Доктора и знахарки, лекарства и жирная пища, но, главное, его присутствие, его забота делали свое дело. Медленно, заметно только для Николая Петровича Параша стала поправляться.
Если бы Параша была здорова, венчание состоялось бы сразу и выглядело бы скандальным вызовом двору. Но граф поначалу был вынужден избежать резких выпадов. А после... Не то чтобы он передумал (клятву на Библии не отменишь), а просто естественное течение жизни далеко отодвинуло необходимость действий.
...Тот 1800-й, високосный, разделяющий два столетия год они встречали вполне по-домашнему.
Покончив весьма бесславно с карьерой, граф резко отошел от света. На людях хорошо победителю, побежденный не прочь отсидеться в норе. Поэтому на зимние праздники – Рождество Христово и Новый год – он отказался от всех визитов и, сославшись на недомогание, никого не позвал к себе. В сочельник даже свечей не зажигали в парадных залах, боясь нежданных гостей, забредающих на огонек.
В тот день все радовались, что Пашенька поднялась наконец с постели и смогла даже наряжать елку, привезенную ей во дворец мужиками из ярославской вотчины. Изобретательно и быстро она добавляла игрушки, сделанные ее руками из ткани, соломы, шишек, крашеной бумаги, к «заморским штукочкам», выписанным графом из-за границы. Лесная красавица пахла лесом, снегом, детством. С Пашей рядом хлопотали самые близкие люди: сводная сестра Николая Петровича, дочь крепостной женщины и Петра Борисовича Маргарита, Сашенька, дочка молодого графа и Беденковой, которая после смерти матери всей душой привязалась к Параше, любимый воспитанник, умный и кроткий горбатенький Яша, и, конечно же, Таня Шлыкова.

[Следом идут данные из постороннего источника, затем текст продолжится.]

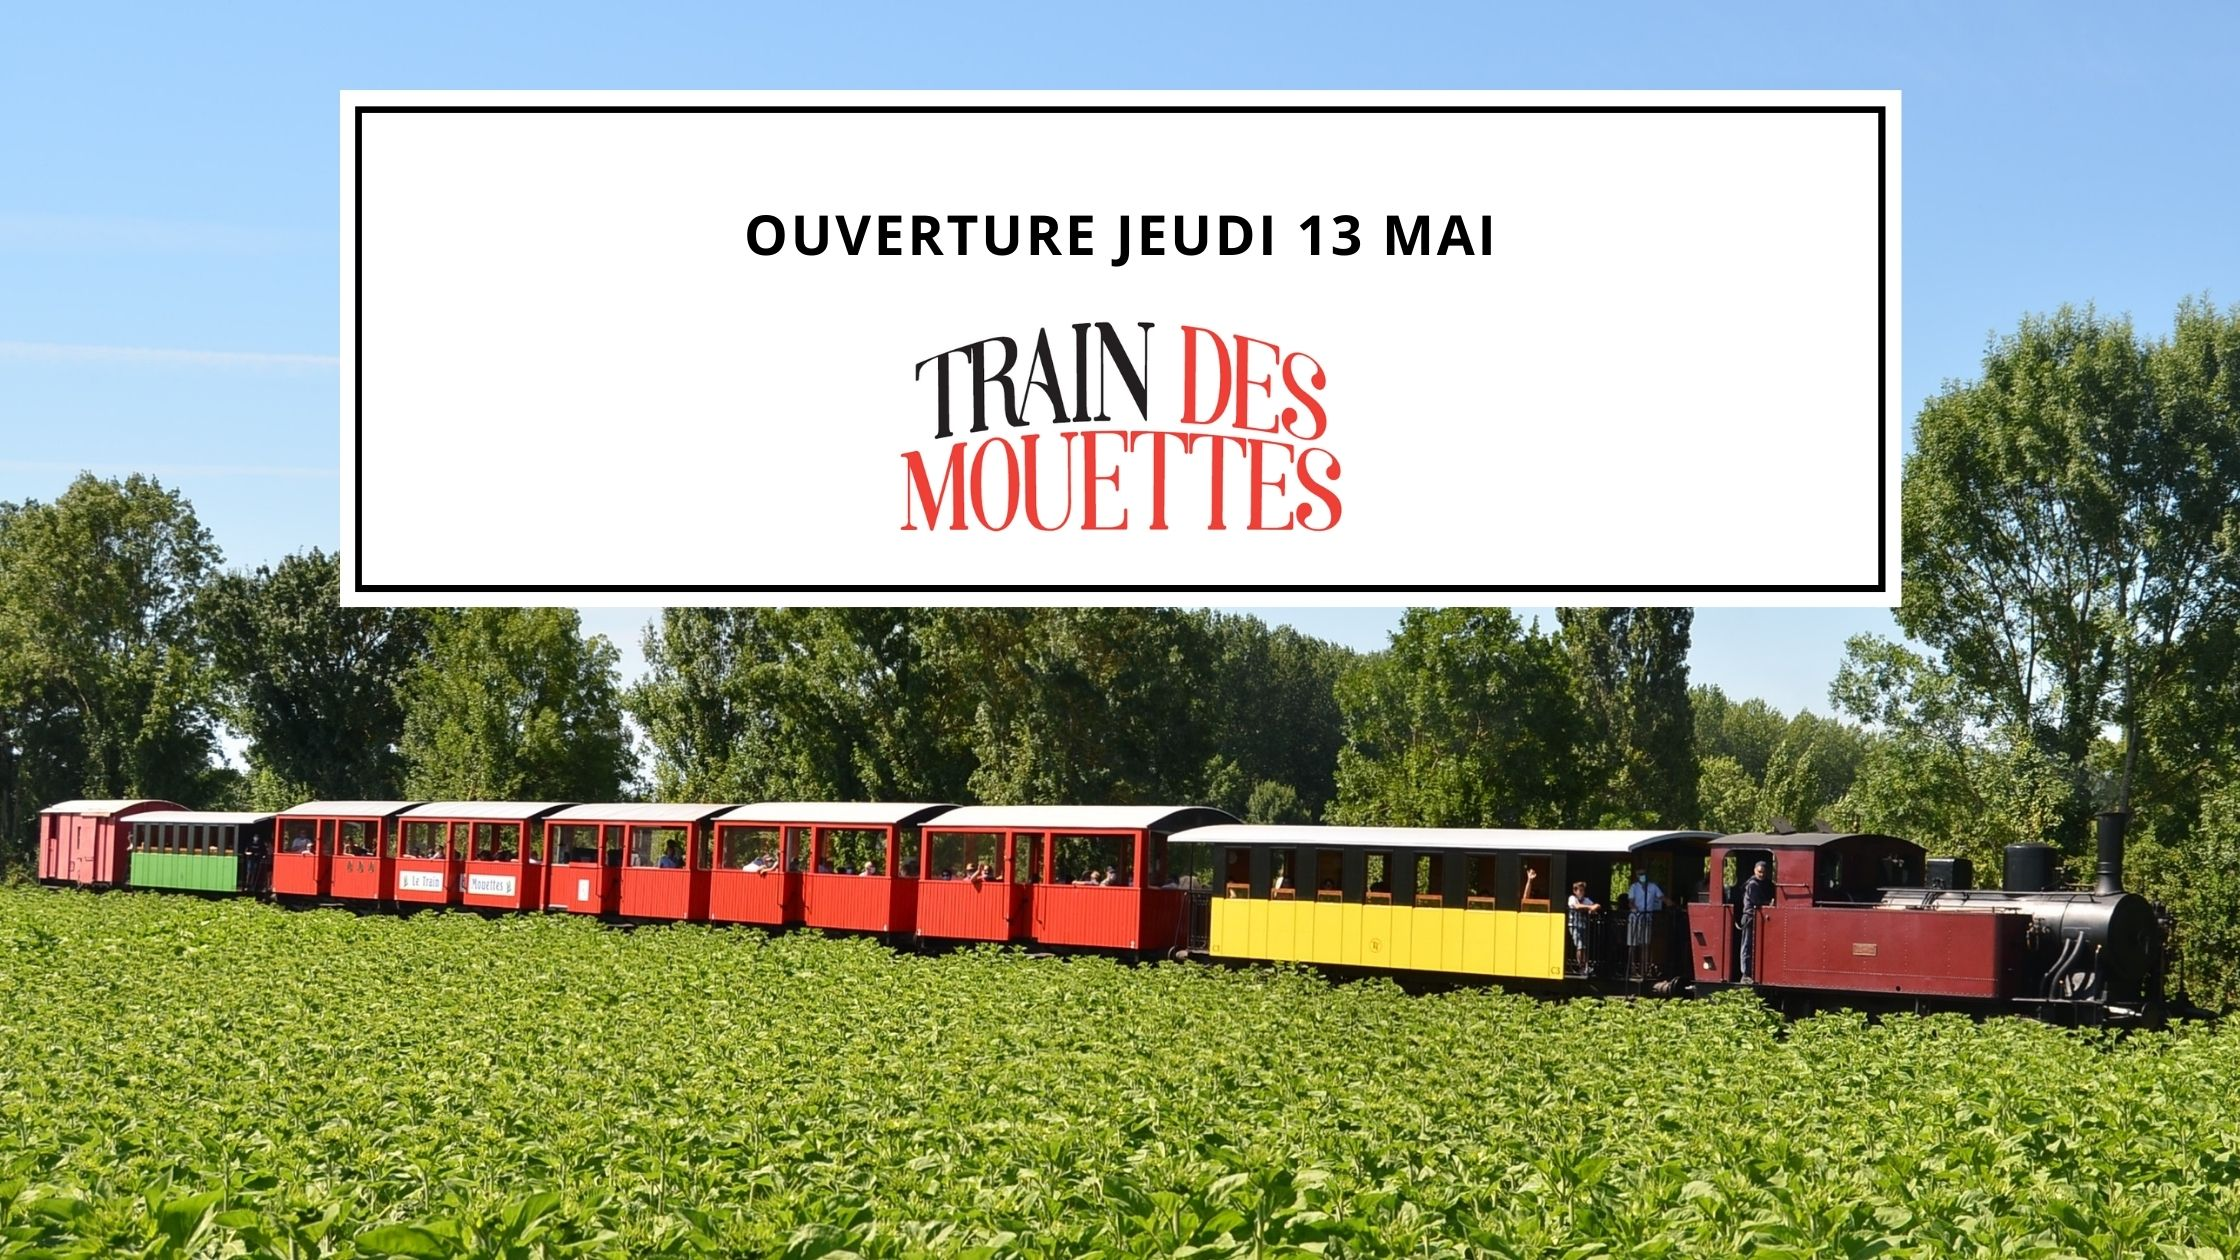 https://www.traindesmouettes.fr/wp-content/uploads/2021/05/Ouverture-bd.jpg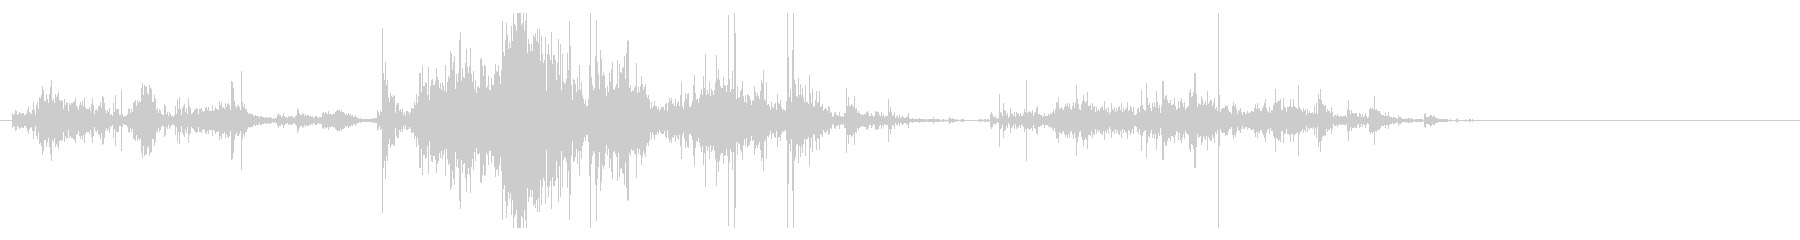 Zombie ゾンビが飛びついてくる音1の未再生の波形

Выпили сначала дорогого шампанского, после распробовали домашней малиновой наливки. Хмель всем ударил в голову, но, странное дело, не пробудил веселья, а как-то очень остро заставил всех ощутить быстротечность жизни. В особом соизмерении со временем они увидели друг друга. Саша и Яша вошли в юность, а остальные шли уже под уклон жизни. Даже Тане Шлыковой было двадцать шесть, Параша перешагнула тридцатилетие, а граф и вовсе близился к пятидесяти.
Чтобы не дать грусти разрастись, все стали дарить друг другу подарки.

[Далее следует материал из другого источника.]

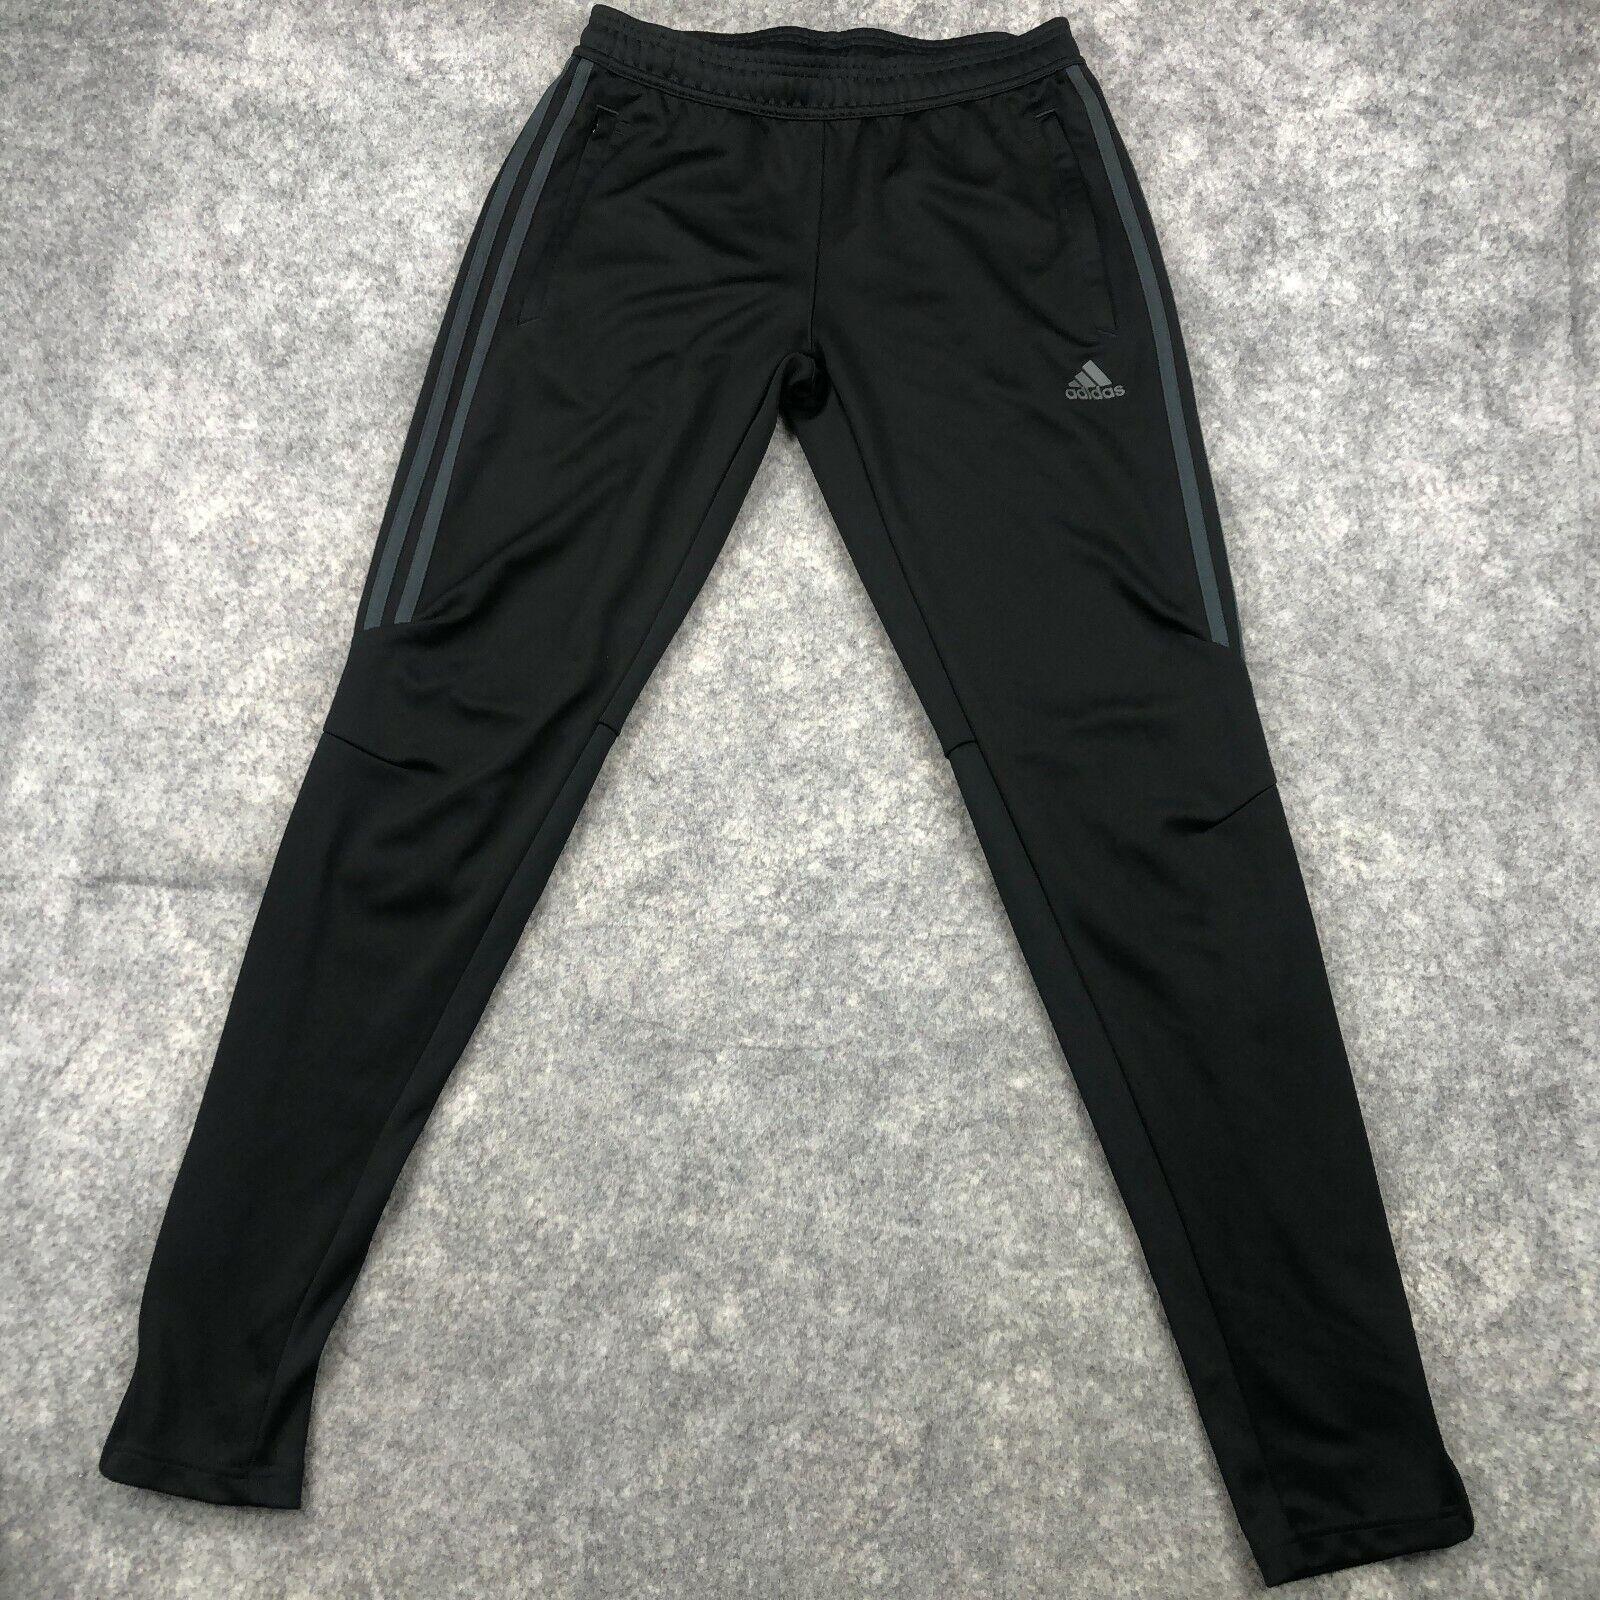 Adidas Sweatpants Womens Small Black Solid Track Pants Ladies Climacool b30

Параша всем раздала ладанки, расшитые ею во время болезни. Как рукодельница она славилась, за ее работы ценители предлагали графу немалые деньги, и художники в один голос отмечали у нее дар подбирать бисер и жемчуг, создавая прекрасные узоры.
Граф приготовил женщинам наборы из Парижа. Щетки для волос и зеркала в серебре – все это в сафьяновых футлярах. Один футляр – темно-малиновых оттенков – для Гранатовой-Шлыковой, второй – чисто белый с поблескивающим, словно морозный иней, тиснением – для Параши. Обе были в восторге, и каждая отошла от компании чуть в сторону, чтобы насладиться красивой вещицей сначала в одиночку.
Параша открыла мягкий футляр, и сердце ее сжалось. Круглое зеркало в серебряной оправе, искусно сработанной ювелиром, все было покрыто, как паутиной, мелкими трещинами.
«К беде!» – захолонуло внутри. И чтобы отвлечь внимание графа и других, стала кружиться, подбегая от одного трюмо к другому, непривычно бурно восторгаясь подарком.
– Вот уж спрячу подальше! После покажу, после.
Праздник был омрачен только для нее. Только она получила страшную весть из будущего.
Беда не заставила себя ждать. В Кусково умерла мать. Ее хоронили братья Параши. Отец запил горькую. Матреша, недавно вышедшая замуж за крепостного актера Калмыкова, была на сносях и отправляться в дальний путь ей было опасно. И Паша не одолела бы зимнего пути, ее по-прежнему вечерами мучил кашель и часто поднимался жар.
Вот когда она мысленно обернулась и пристально взглянула на те годы, которые прожила с матушкой, Варварой Борисовной. Вроде не забывала родимую никогда. Вроде не обходила заботой, деньги передавала до последних дней. А вроде...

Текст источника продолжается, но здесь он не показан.